### EXERCISE DATA
= Beginning of Section =
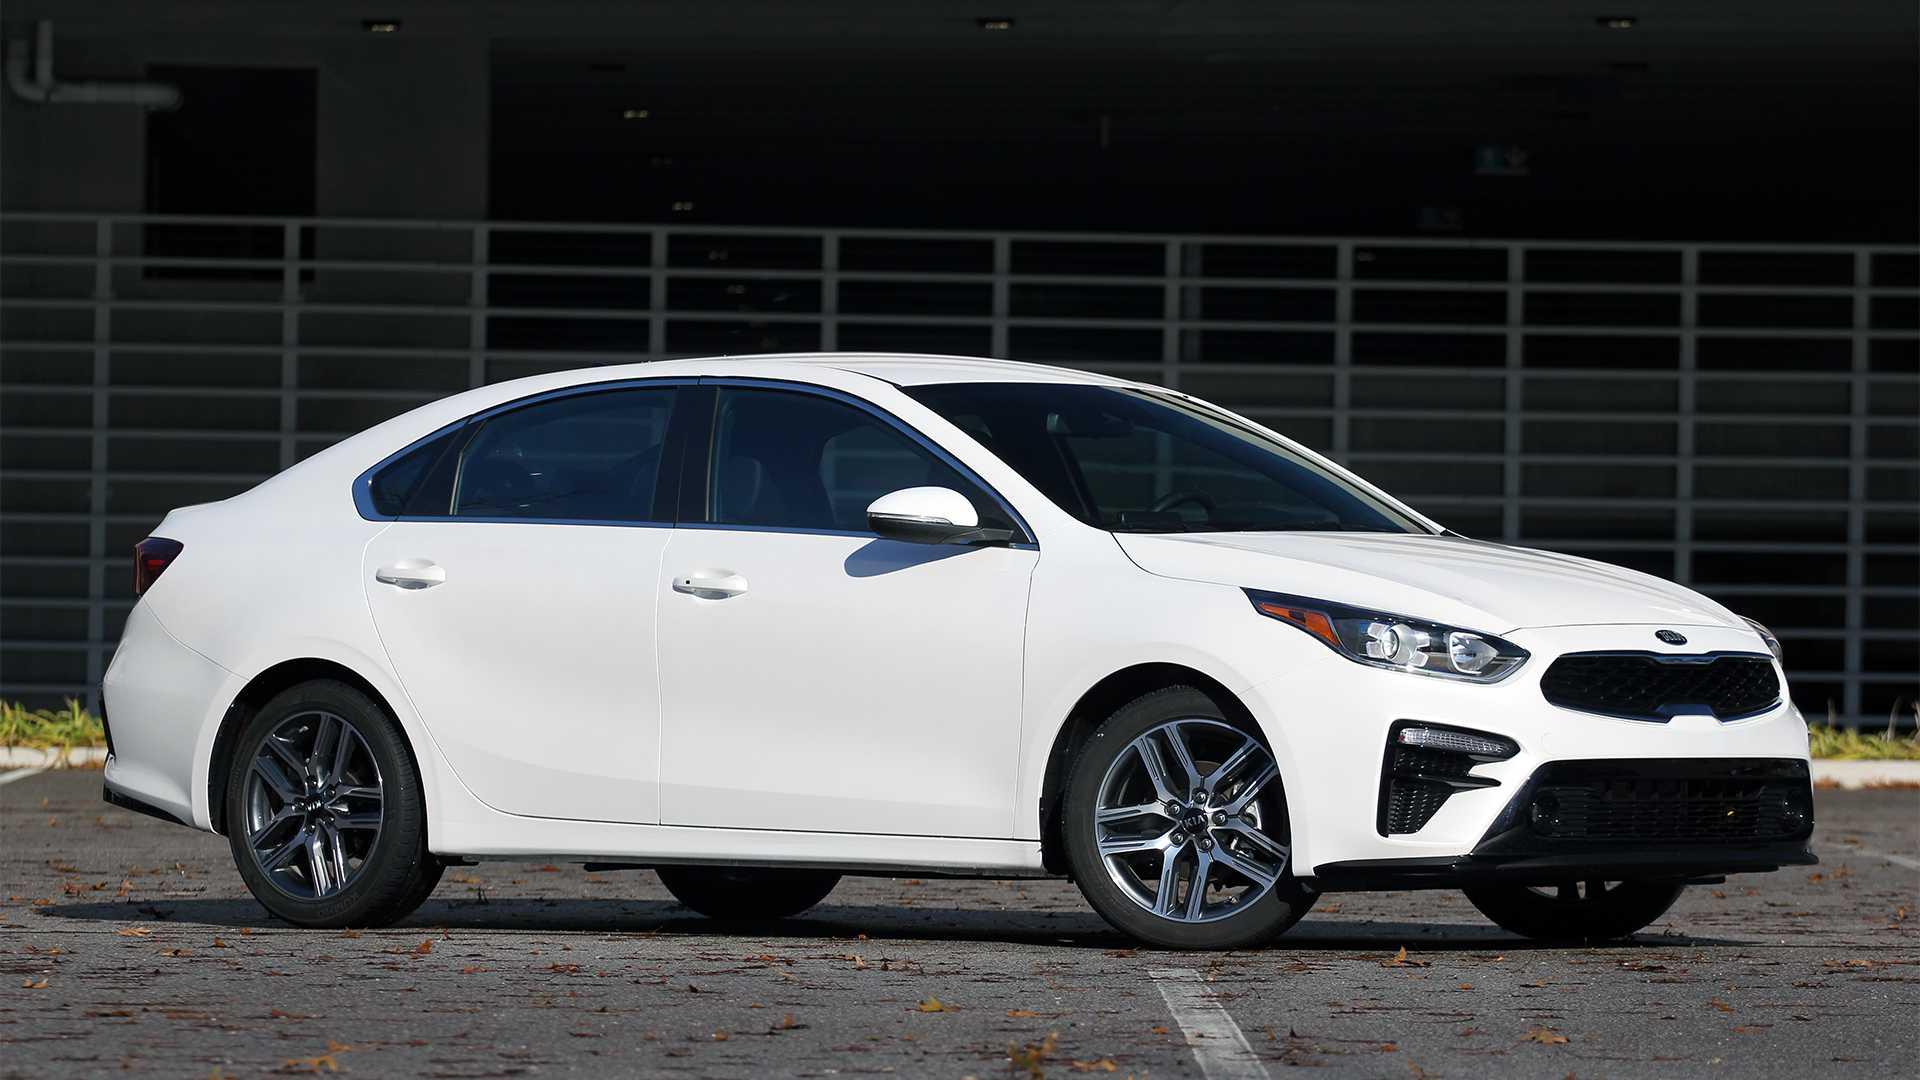 39 All New Kia Forte 2019 White Spesification First Drive by Kia Forte 2019 White Spesification
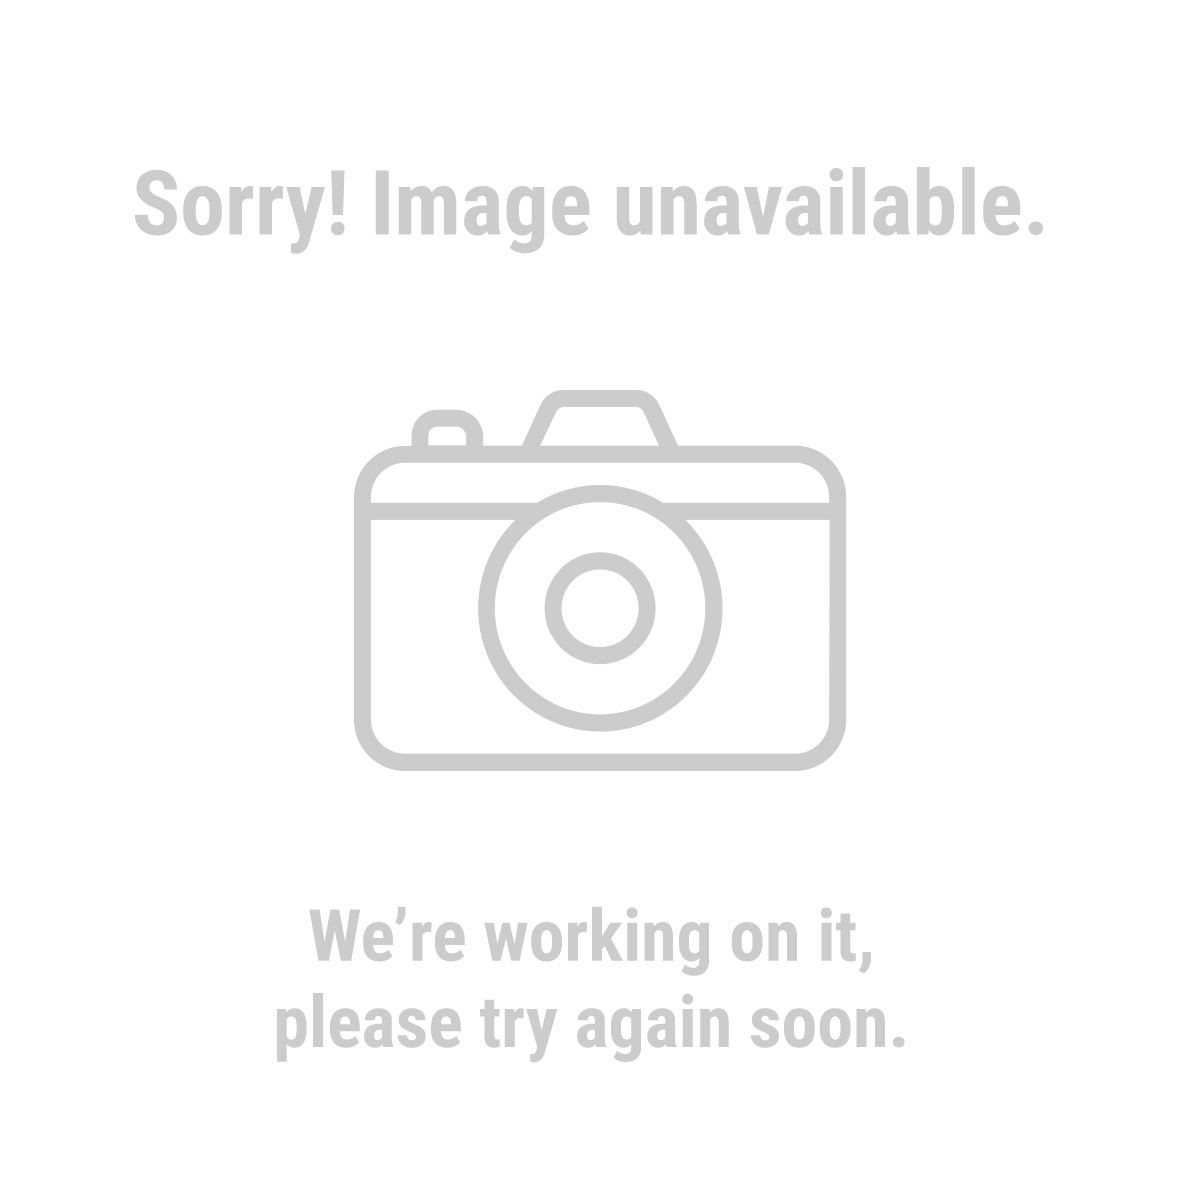 HARDY 61365 Jersey Gloves 5 Pr
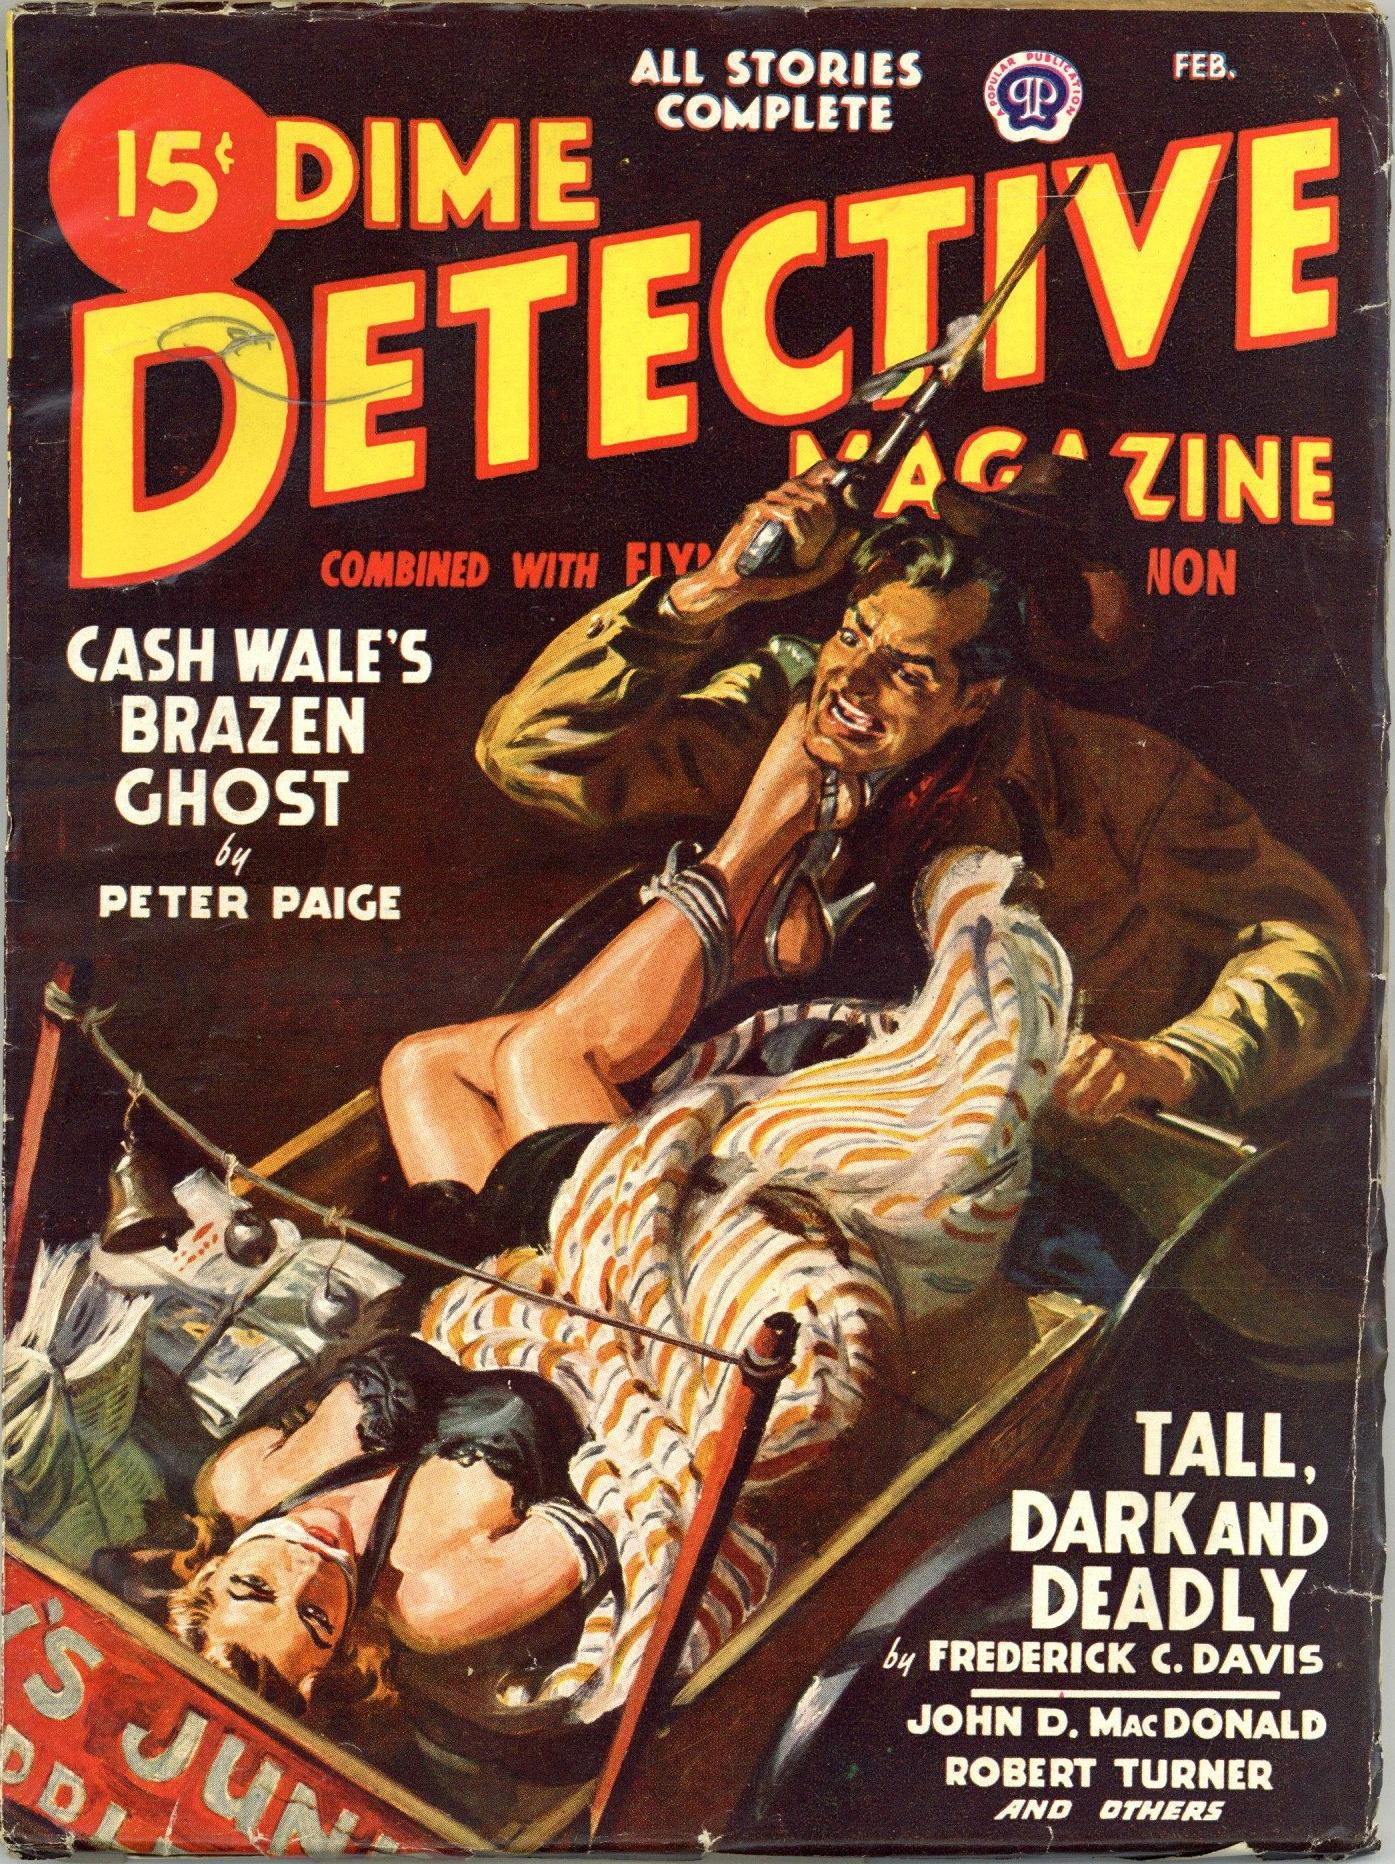 Dime Detective February 1948
= End of Section =
Line by line, write out the material exactly, leaving the images out.

 39 All New Kia Forte 2019 White Spesification First Drive by Kia Forte 2019 White Spesification
 HARDY 61365 Jersey Gloves 5 Pr
 Dime Detective February 1948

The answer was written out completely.